Text Classification

class ibm_watsonx_ai.foundation_models.classifications.TextClassification(credentials=None, project_id=None, space_id=None, api_client=None)[source]

Bases: WMLResource

Instantiate the text classification service.

Parameters:
  • credentials (Credentials, optional) – credentials to the watsonx.ai instance

  • project_id (str, optional) – ID of the project, defaults to None

  • space_id (str, optional) – ID of the space, defaults to None

  • api_client (APIClient, optional) – initialized APIClient object with a set project ID or space ID. If passed, credentials and project_id/space_id are not required, defaults to None

Raises:

InvalidMultipleArguments – raised when neither api_client nor credentials alongside space_id or project_id are provided

from ibm_watsonx_ai import Credentials
from ibm_watsonx_ai.foundation_models.classifications import TextClassification

text_classification = TextClassification(
    credentials=Credentials(
        api_key = IAM_API_KEY,
        url = "https://us-south.ml.cloud.ibm.com"),
    project_id="*****"
    )
cancel_job(classification_job_id)[source]

Cancel a text classification job.

Parameters:

classification_job_id (str) – ID of text classification job

Returns:

“SUCCESS” if the cancel succeeds

Return type:

str

Example:

text_classification.cancel_job(classification_job_id="<CLASSIFICATION_JOB_ID>")
delete_job(classification_job_id)[source]

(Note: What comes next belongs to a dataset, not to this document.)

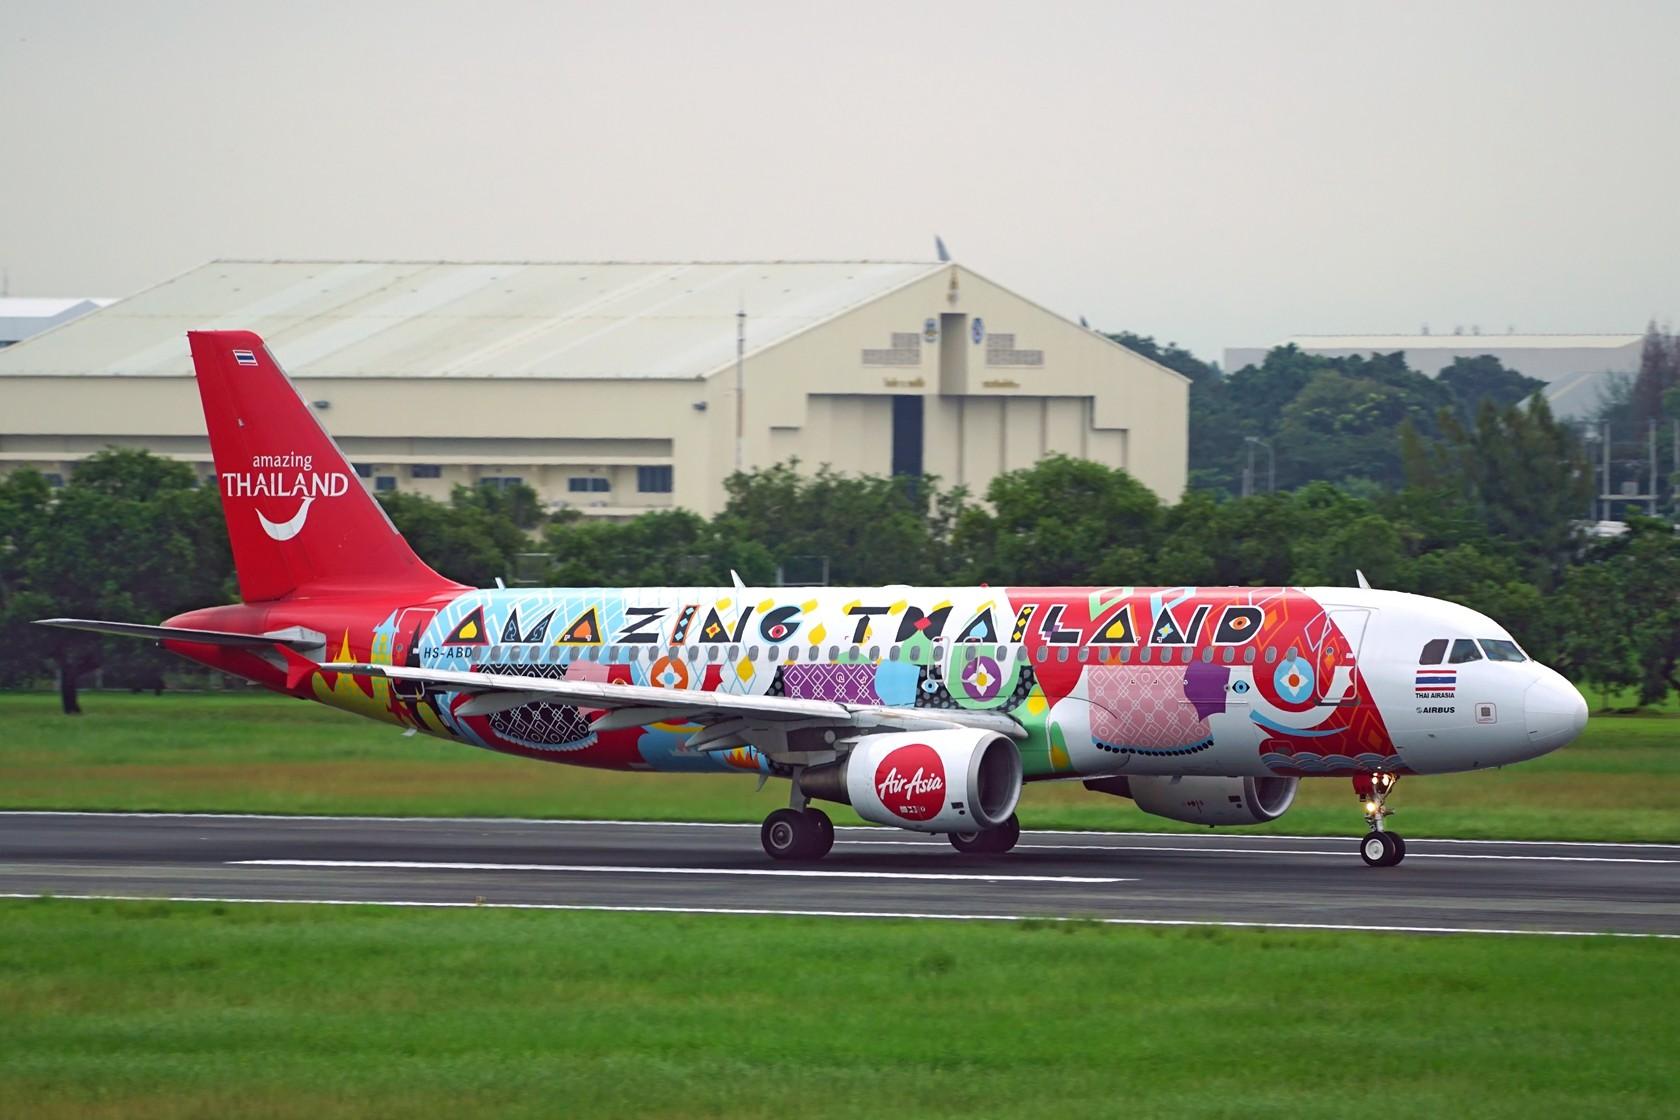 Re:泰国亚洲航空彩绘 门神+缤纷泰国 AIRBUS A320-200 HS-ABD 泰国曼谷廊曼国际机场

Delete a text classification job.

Parameters:

classification_job_id (str) – ID of text classification job

Returns:

“SUCCESS” if the deletion succeeds

Return type:

str

Example:

text_classification.delete_job(classification_job_id="<CLASSIFICATION_JOB_ID>")
get_job_details(classification_job_id=None, limit=None)[source]

Return text classification job details. If classification_job_id is None, return the details of all text classification jobs.

Parameters:
  • classification_job_id (str, optional) – ID of the text classification job, defaults to None

  • limit (int, optional) – limit number of fetched records, defaults to None

Returns:

details of the text classification job

Return type:

dict

Example:

text_classification.get_job_details(classification_job_id="<CLASSIFICATION_JOB_ID>")
classmethod get_job_id(classification_details)[source]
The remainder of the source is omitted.